And from that vantage point, I think Jazz is pretty darn good.
Of course I was puzzled by some of the choices Mr. Burns made in producing this film, the exclusion of some artists and derivative movements and the time spent on others. I raised my eyebrows at the heavy reliance on Wynton Marsalis' views and commentary, the long discussions about race, the glossing over of the modern era.
My point is not to defend these aspects but only to say that it is easy to find fault in something of this scope. Producing this series was a mammoth undertaking: it is 19 hours of artfully done film, culled from thousands of hours of interviews, footage, and music. I cannot imagine anything of this scale being produced without also producing a legion of critics, and Jazz certainly proves that point. But I also fail to come up with any other single source where the viewer can see, hear, and learn so much about the greatest American art form.

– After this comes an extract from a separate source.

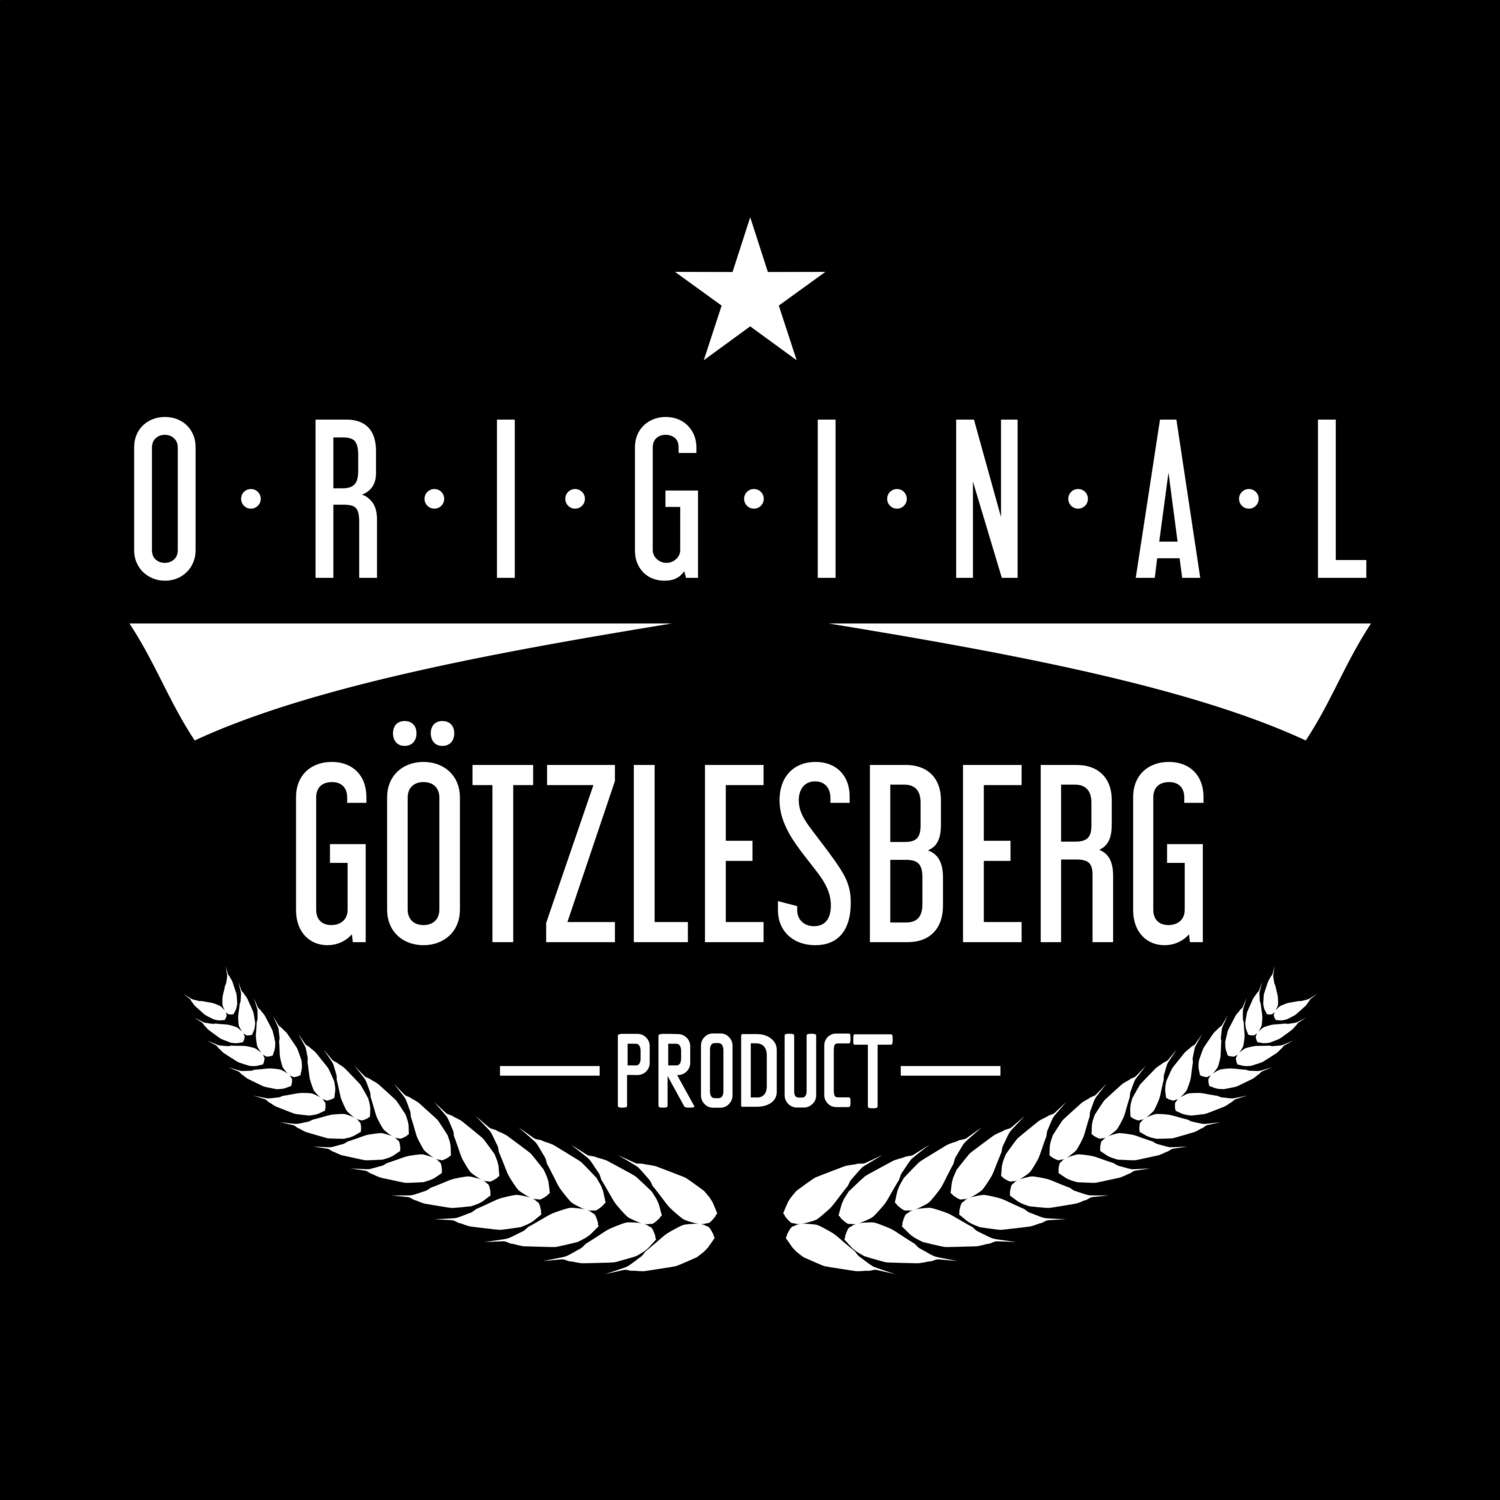 Götzlesberg T-Shirt »Original Product«

There is more to recommend it: this DVD collection includes a host of interactive features that make further learning and listening easy. In a specific DVD mode, viewers who click on the name of a song when it appears on the screen find that the film stops and a list of all the musicians who contributed to the piece appears, along with the recording studio, the year of production and other miscellaneous tidbits. I discovered that each song on each DVD is individually tracked, making it easy to jump from one to the other. Furthermore, the "extras" section includes three stunning full-length performances not included in the film (my favorite is Duke Ellington's "C Jam Blues") and a well-done 15-minute documentary on how the film was produced.